Bakterilerin 4 ila 60 derece arasındaki sıcaklıklarda en hızlı şekilde çoğaldığını ve sayılarının 20 dakika gibi kısa bir sürede ikiye katlandığını söyleyen Aker, “Bu sıcaklık aralığına genellikle "Tehlike Bölgesi" denir. Tavuk, kırmızı et, sos, tekrar ısıtılan yiyeceklerin her tarafının pişmesine dikkat edilmelidir. İç kısımları dahil her yerinin en az 75 derece olacak şekilde ısıtılması gerekir” sözlerini kullandı.

“SOĞUK ZİNCİR KIRILMALARINA İZİN VERİLMEMELİ”
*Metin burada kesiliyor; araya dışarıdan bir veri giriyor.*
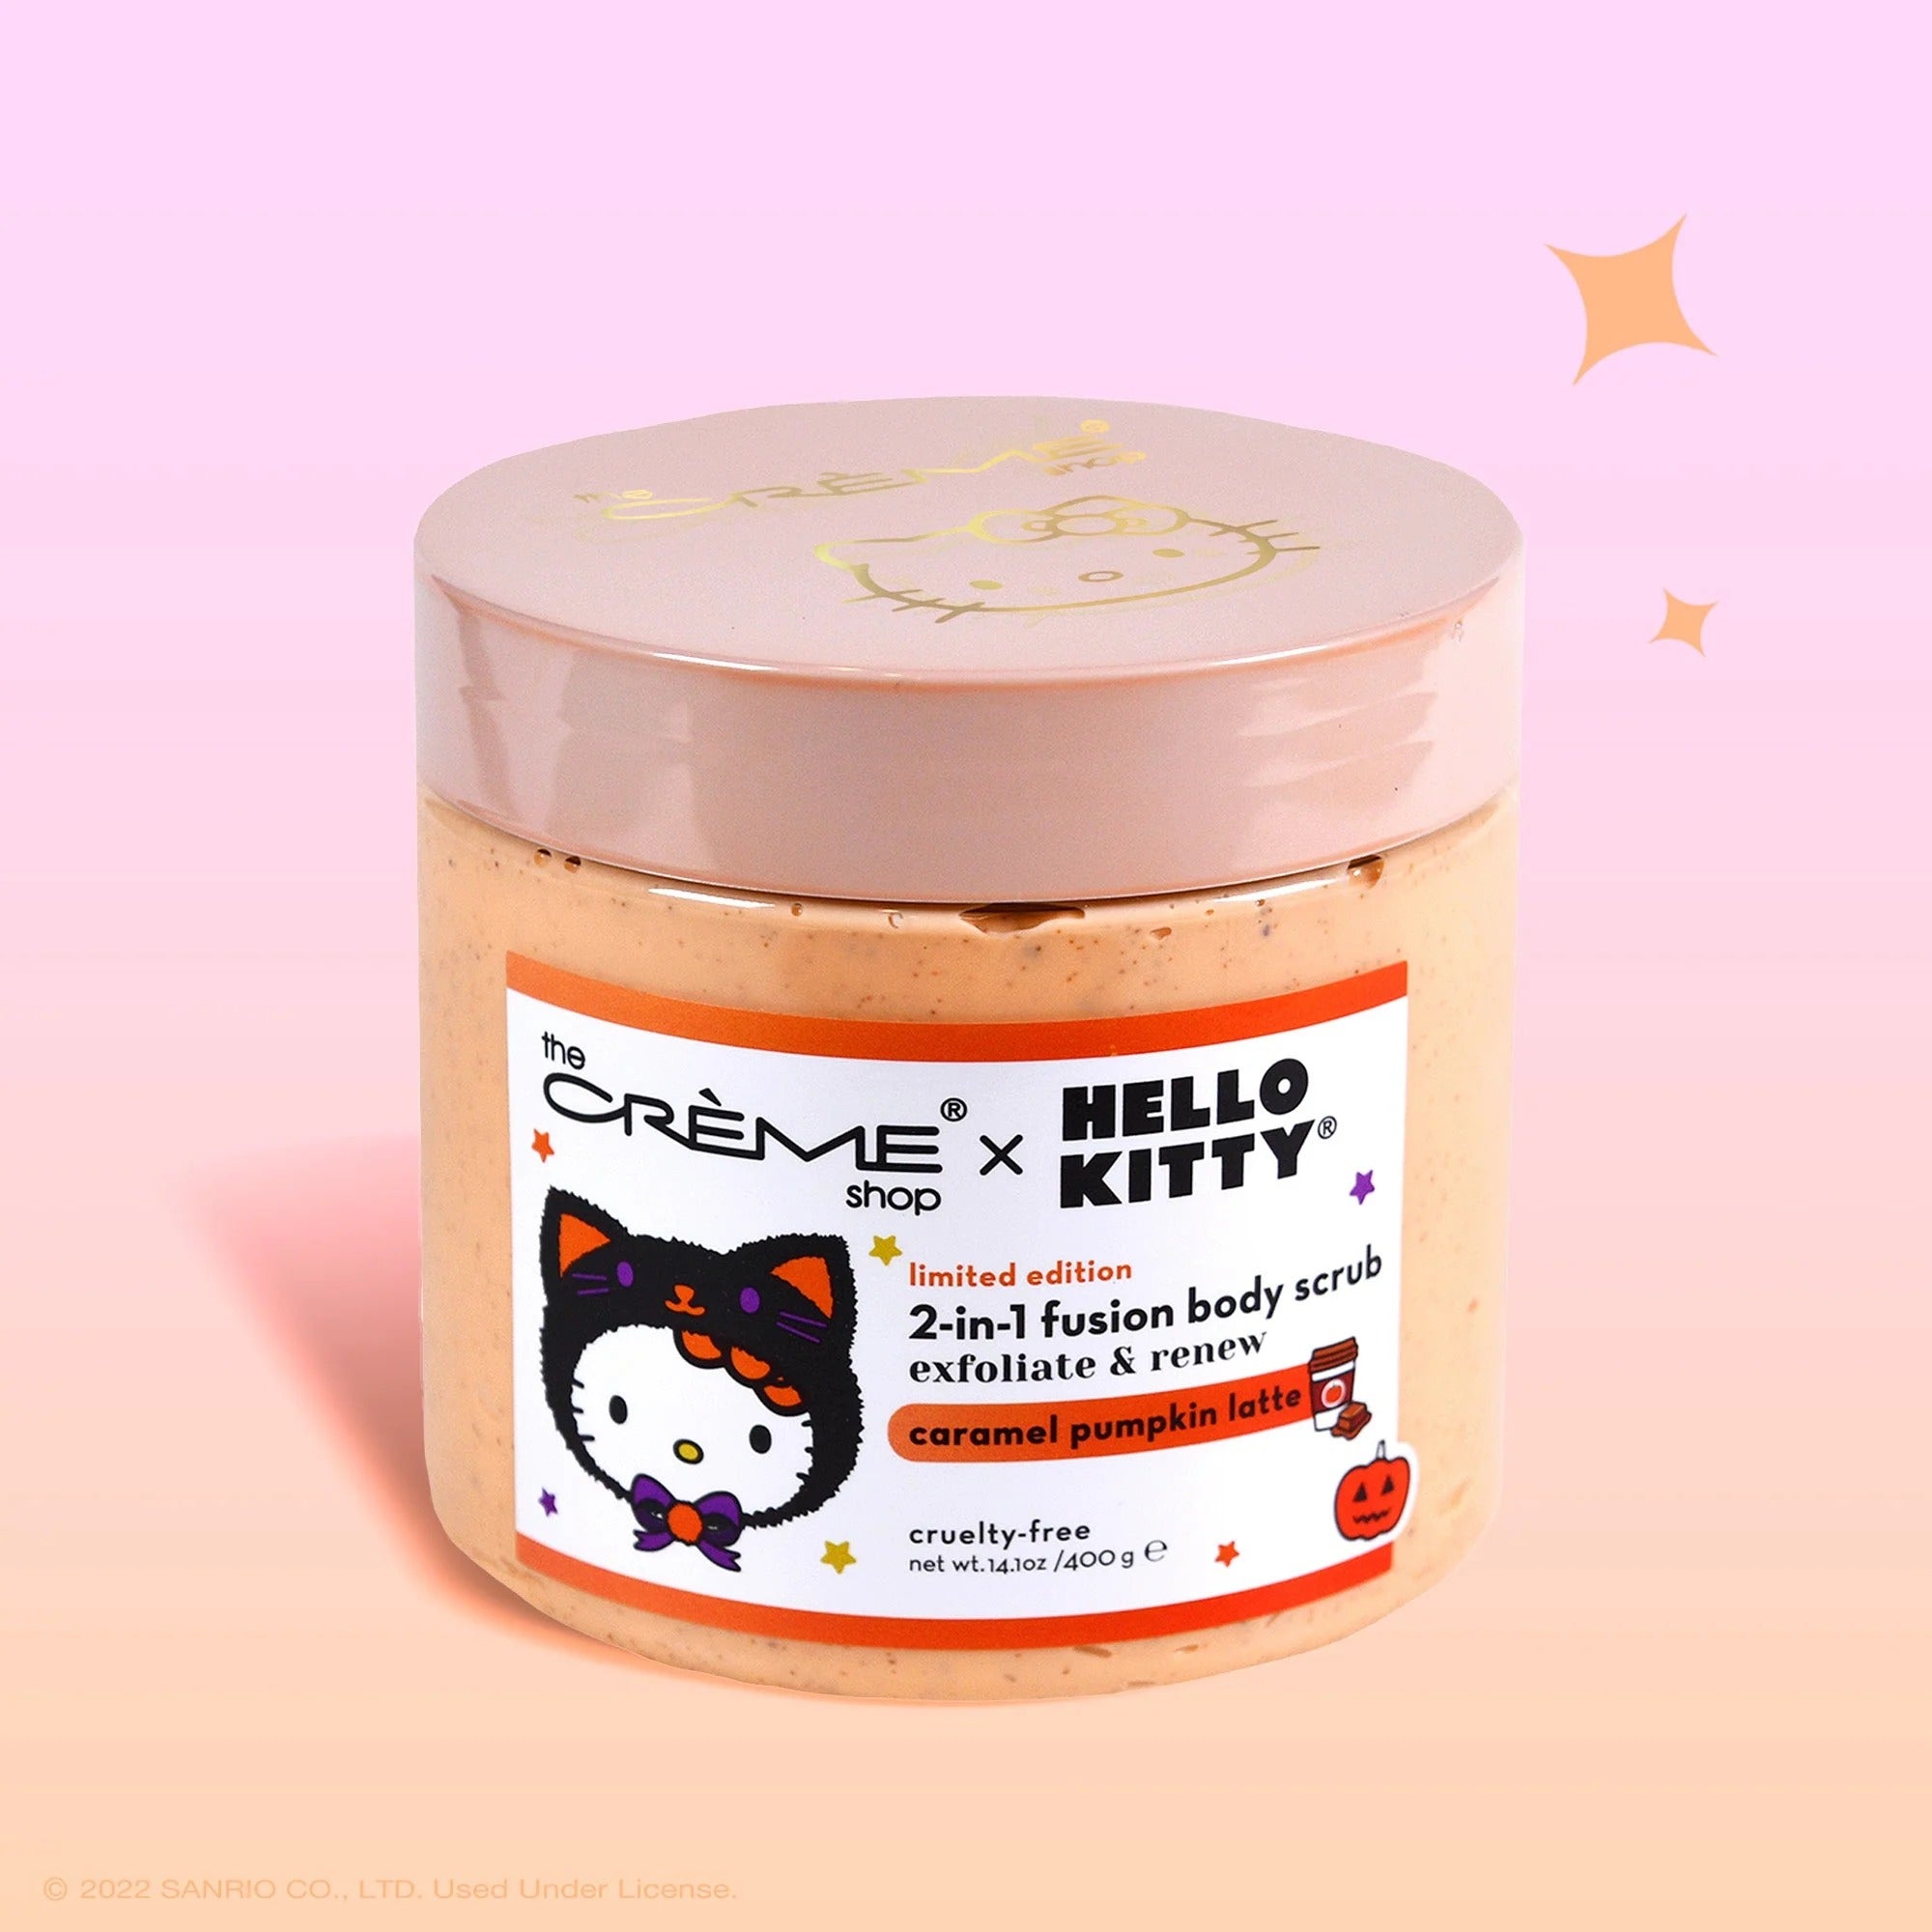 Hello Kitty x The Crème Shop Fusion Body Scrub (Caramel Pumpkin Latte) Beauty The Crème Shop

Aker son olarak, gıda denetimleri konusunda kamu kurumları ve vatandaşların neler yapabileceği konusunda “Tarladan üreticiye satış noktalarına gıda denetimleri artırılmalı. Alınan numune sayısı artırılmalı, laboratuvar analiz sonuçları hızla elde edilmeli, olumsuz sonuçlarda derhal müdahale edilmeli. Gıda sağlığı bir milli güvenlik sorunu olarak ele alınmalıdır. Türkiye’de “Gıdaların Üretimi ve Denetlenmesine Dair Yönetmelik”te HACCP sisteminin uygulama gerekliliği belirtilmiştir. Başta et, süt ve su ürünleri işleyen işletmeler olmak üzere, gıda üreten diğer işletmelerin de kademeli olarak HACCP sistemini uygulamaları, zorunlu hale getirilmiştir. Gıda üretim ve tedarikinde HACCP standartlarına kesin uyulmalıdır. Soğuk zincir kırılmalarına müsaade edilmemelidir. Gıda meselesi bir halk sağlığı sorunu olarak görülmeli, gıda zehirlenmeleri ile gıda güvencesizliği, yoksulluk, açlık, obezite, toplumsal eşitsizliklerde artış, tarım ve gıda sektöründe küresel oyuncuların rolü, tarım ve gıda politikalarının gıda egemenliğini artıracak şekilde, özellikle küçük üreticinin desteklenme, tarımda agroekolojik yaklaşımın benimsenmesi ve doğaya-çevreye saygılı tarım uygulamalarının yaygınlaştırılması gibi sorunlar ve çözüme yönelik politikalar birlikte ele alınmalıdır” dedi.